Has anyone been following or at least heard about the story where a high school student sued her school in order to be the sole valedictorian?

Here's the background: Blair Hornstine is a disabled student whose condition required home schooling. Because she was at home, she could take extra AP/honors courses that other students could not take otherwise (being home schooled allowed her to get around scheduling conflicts regular students had), and did not have to take classes like gym. As a result, she was able to get a higher GPA than was possible(*), and did so. So the school district, aware of this, wanted to award two valedictorians at graduation.
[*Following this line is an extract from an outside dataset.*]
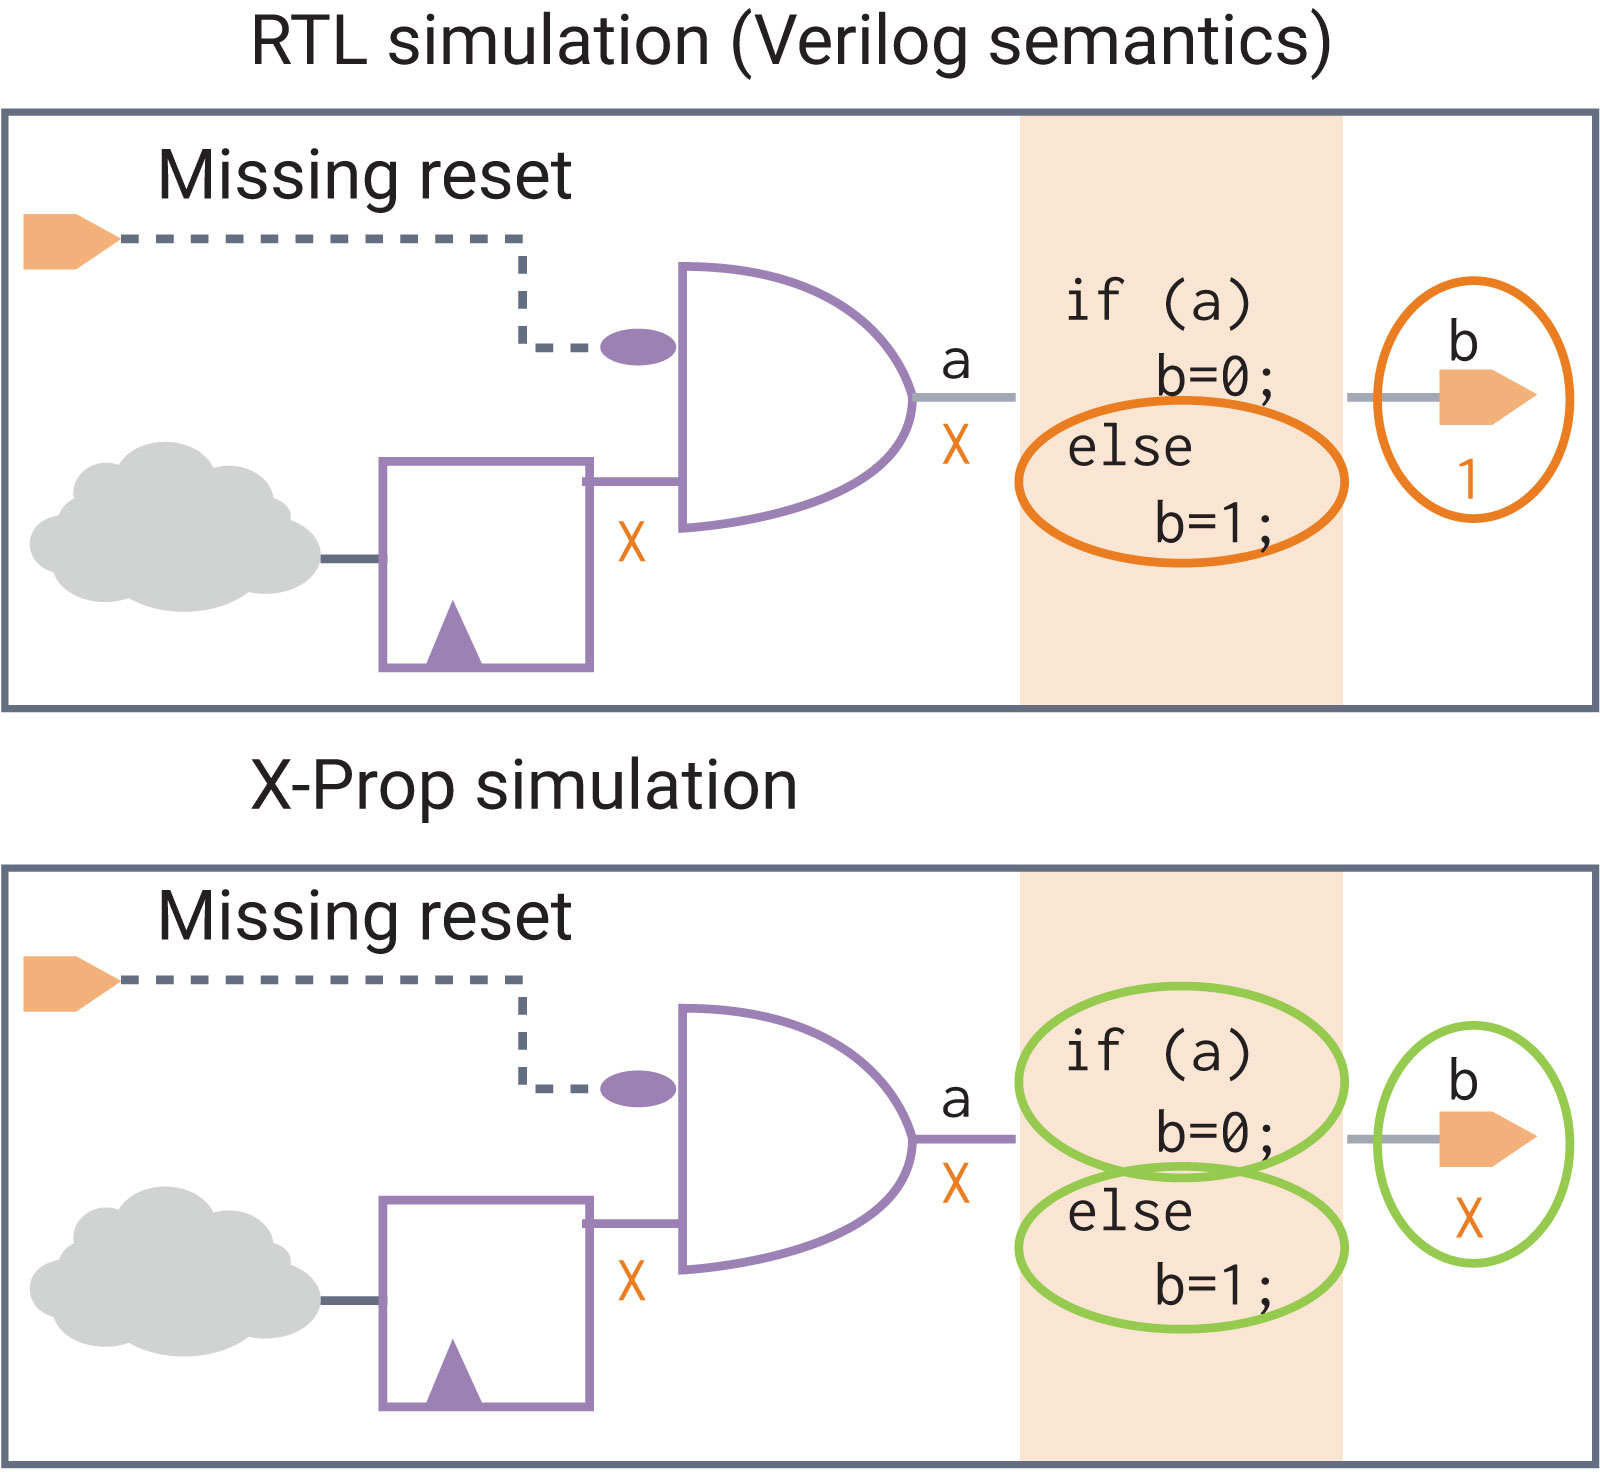 VCS X-prop simulation and RTL simulation (Verilog semantics)
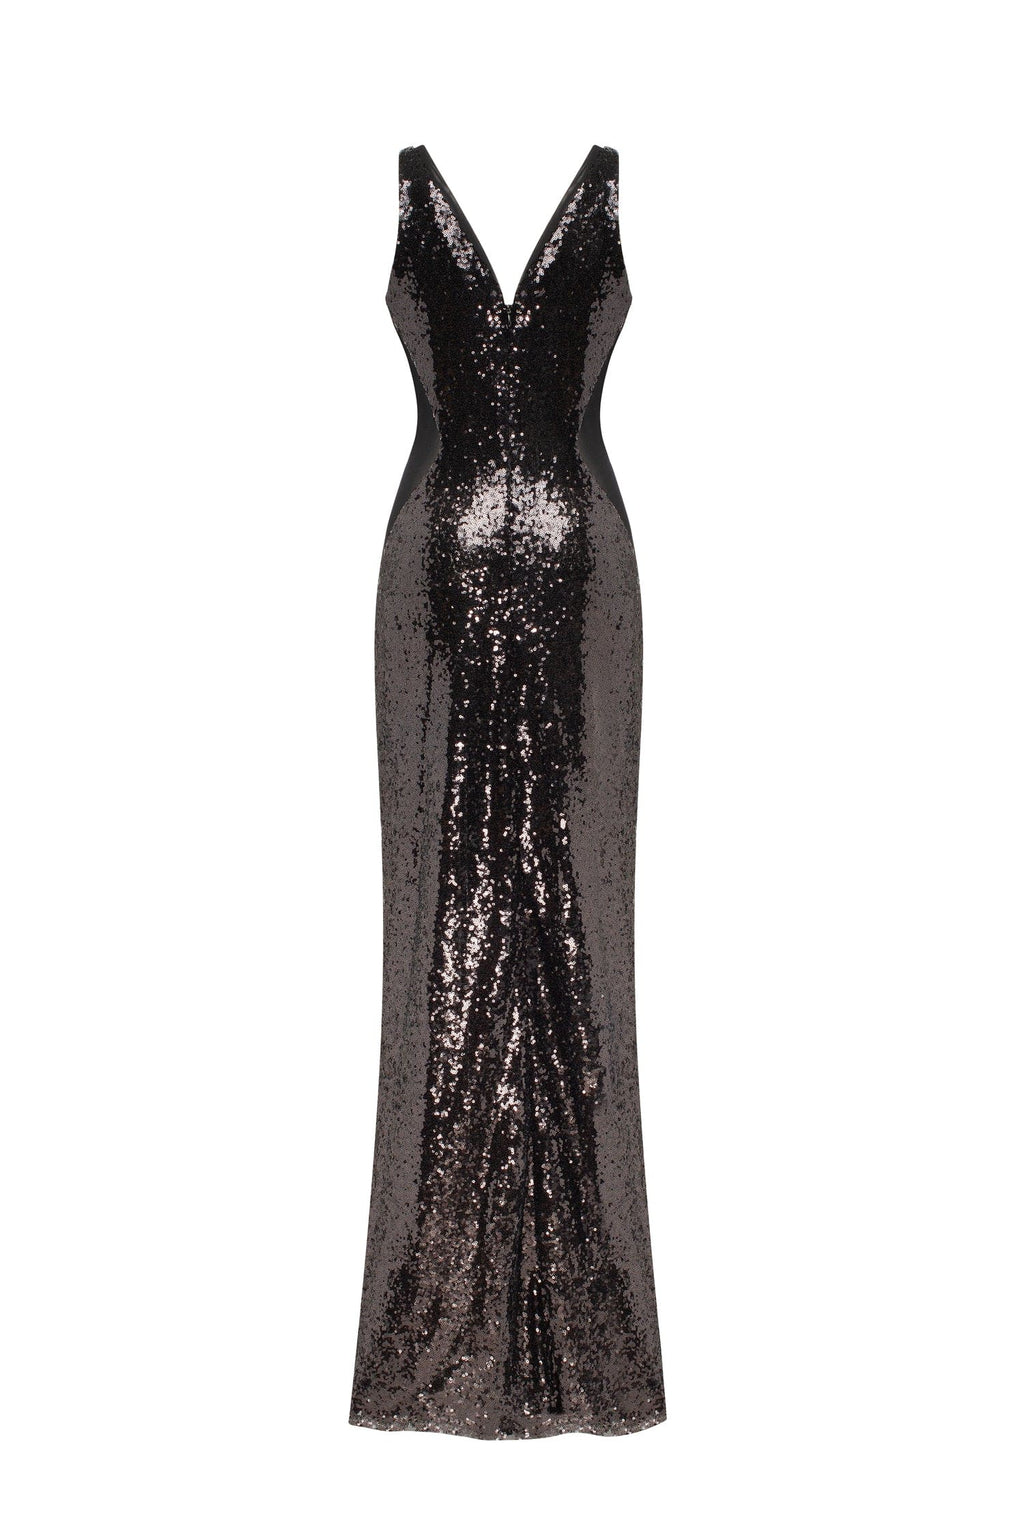 Dazzling fully sequined black maxi dress, Smoky Quartz

Hornstine, whose father is a state superior court judge and will be going to Harvard with plans of being a lawyer, sued the Moorestown School District in federal court, claiming it amounted to discrimination. She won, making her the sole valedictorian at her graduation.
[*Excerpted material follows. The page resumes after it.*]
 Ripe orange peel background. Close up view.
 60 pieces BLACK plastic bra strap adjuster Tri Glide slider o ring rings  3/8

Naturally, the students who actually attend class at Moorestown were pissed, as was the rest of the community. They started getting threatening phone calls, letters, vandalism to their home, etc. So Hornstine skipped the ceremony. And I think the school district executives couldn't have been happier, knowing all the jeering that would happen if she were there. They didn't even raise her name the entire night.

It turns out that Hornstine had written some articles in the Teen section of the Courier Post newspaper, and had plagiarized some parts of them. The plagiarism was found after the court ruling, but (IIRC) before the graduation.

The whole thing made national news, and students at Harvard shared opinions of those as people in Moorestown. Editorials of protest appeared in the Harvard Crimson student paper, along with petitions getting passed around both at Harvard and Moorestown wanting the university to drop her, make her share the valedictorian crown, etc.

The news: It appears now that Harvard has indeed dropped Hornstine from admission, though it is unconfirmed officially. The story appears in the Crimson, and locally as well (Courier Post, Philadelphia Inquirer).

My take on all this is that Hornstine should be proud. She is now the last high school student in the United States to reap the advantages and privileges she had being a home schooled student.

(*) - In many schools in NJ, a perfect GPA is not possible, as classes like gym are weighted less than honors or college prep courses. NJ requires four years of gym in high school, and Hornstine was exempted from that requirement, so she got a jump on other students.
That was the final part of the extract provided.